WHAT IS BEING ASKED:
Find the line that holds "#دواء الجمعية الخيرية لتوفير الدواء", then repeat it and each line below it word for word through the end of the listing, leaving out pictures.

THE DATA:
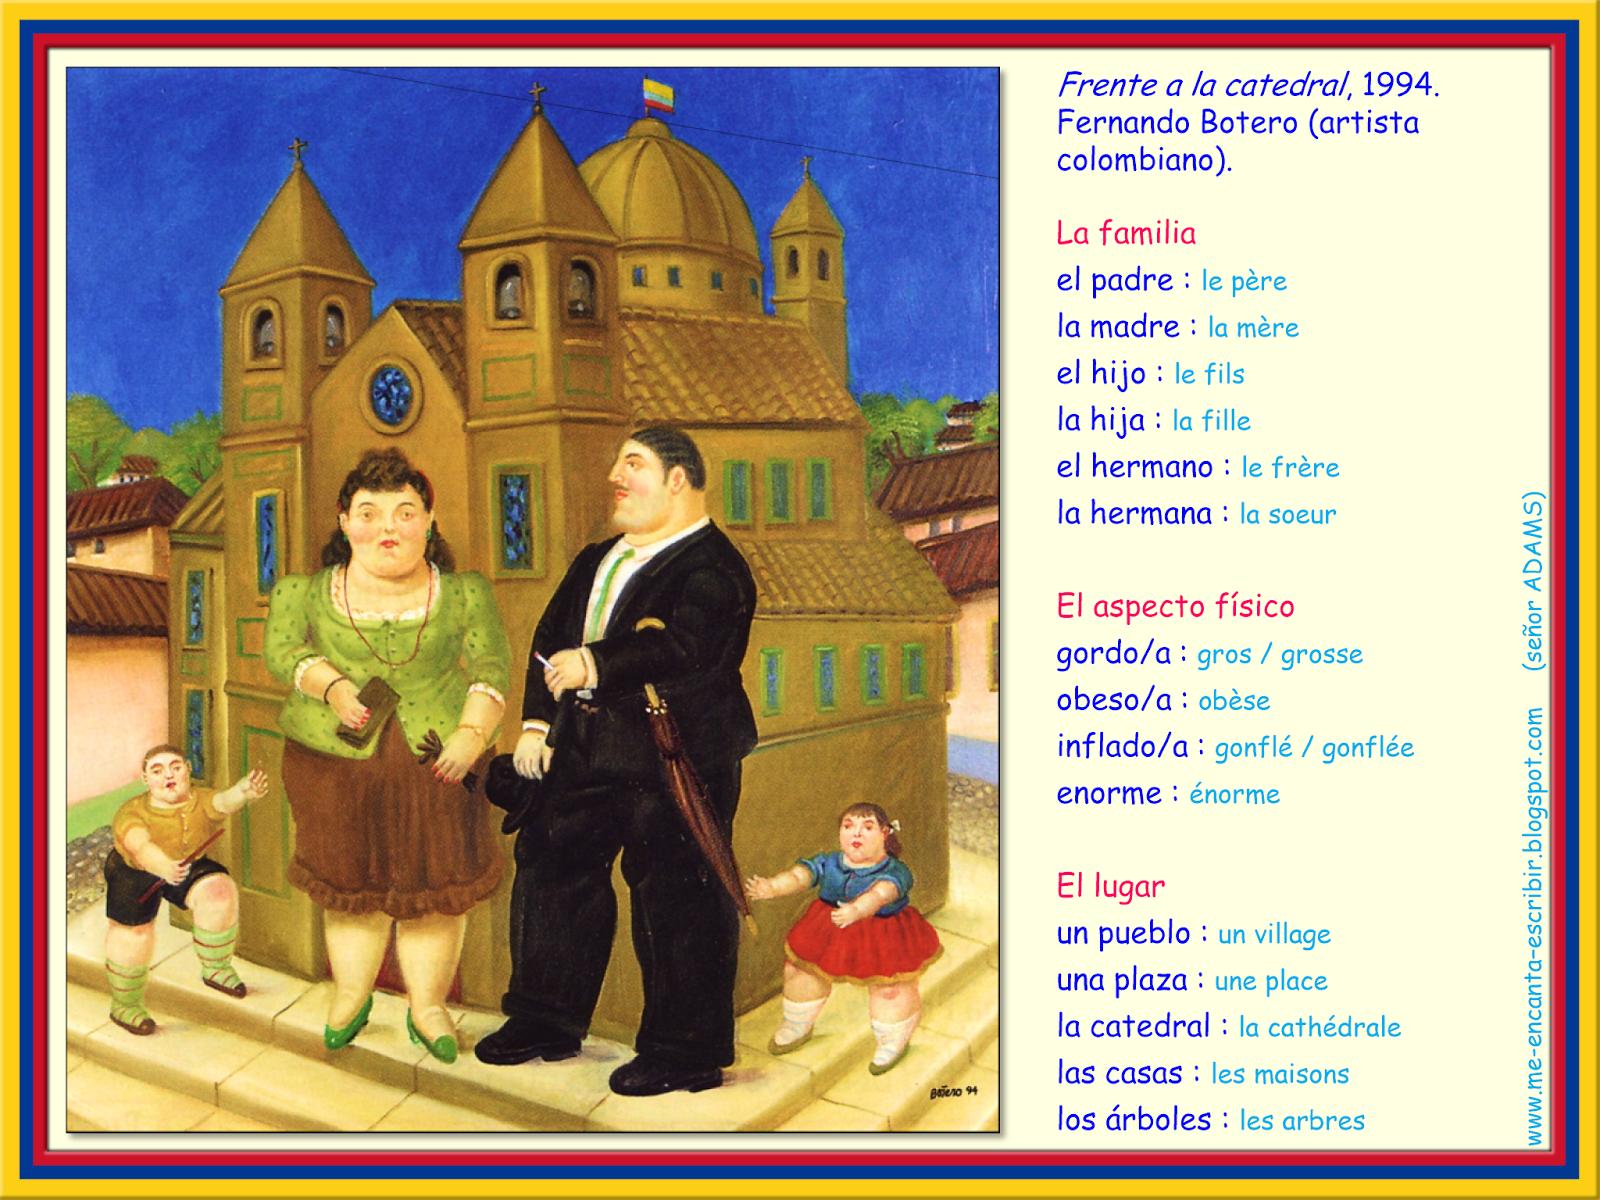 Me Encanta Escribir En Espanol Fernando Botero Frente A
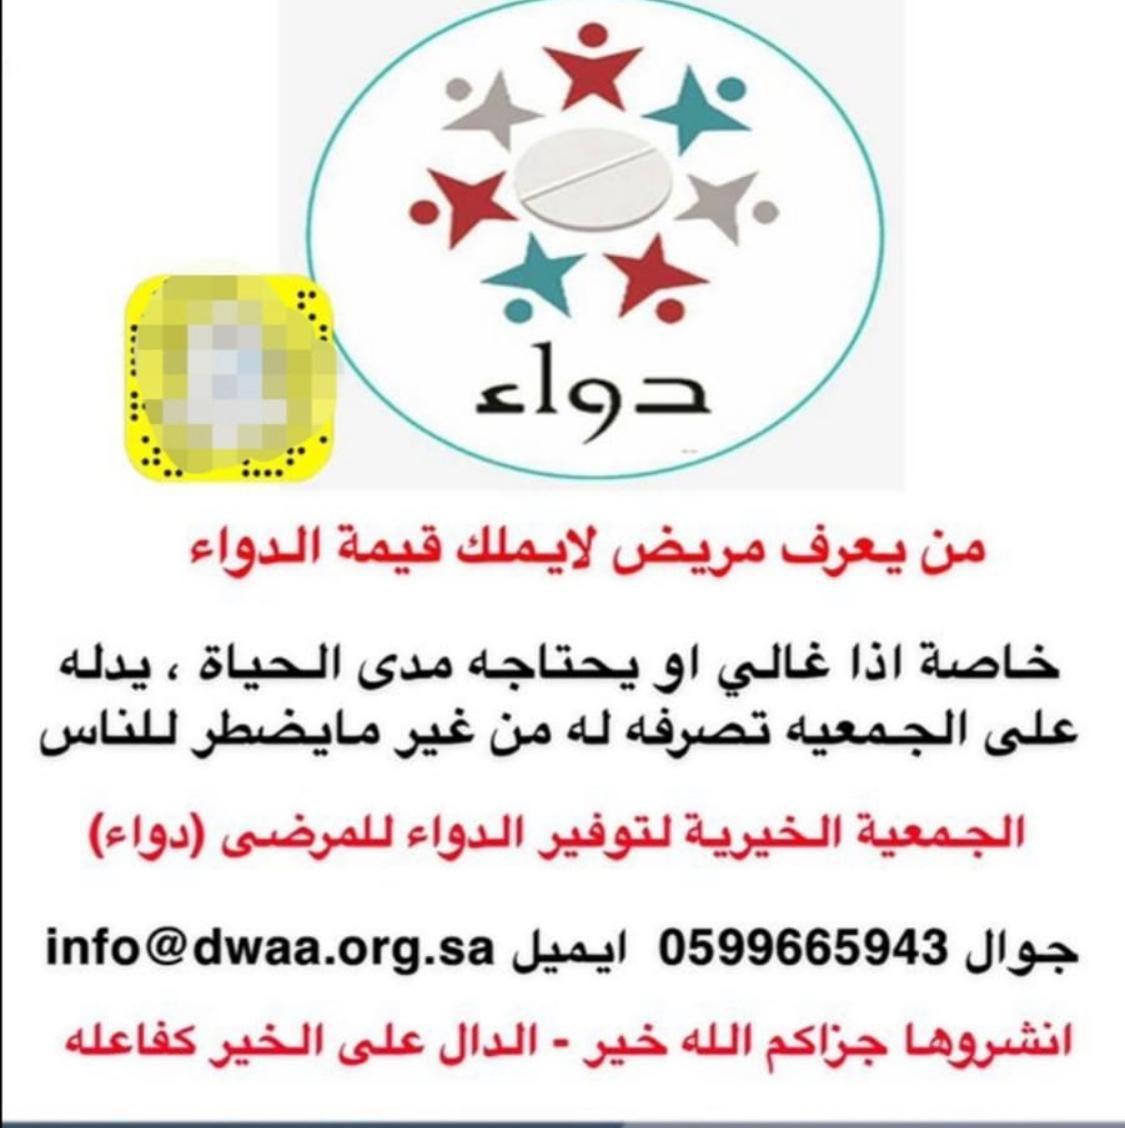 #دواء الجمعية الخيرية لتوفير الدواء
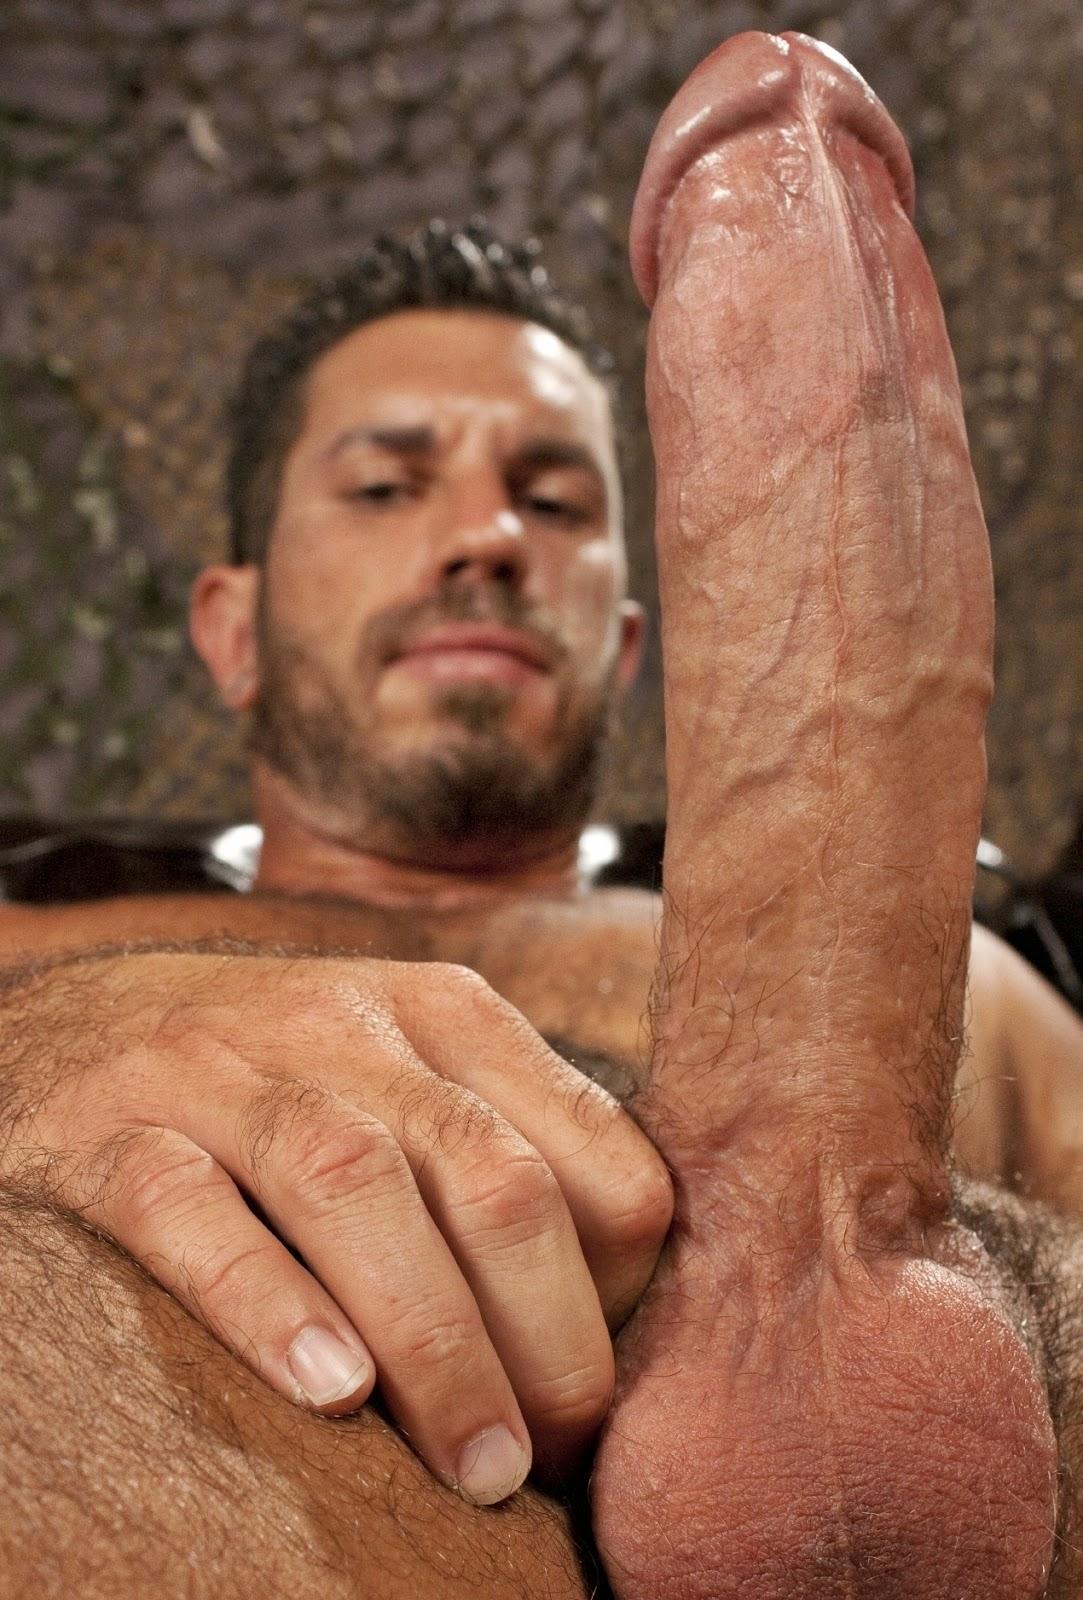 Actoresw Porno actores porno y sus maravillosos trozos de carne poringa

EXERCISE OUTPUT:
 #دواء الجمعية الخيرية لتوفير الدواء
 Actoresw Porno actores porno y sus maravillosos trozos de carne poringa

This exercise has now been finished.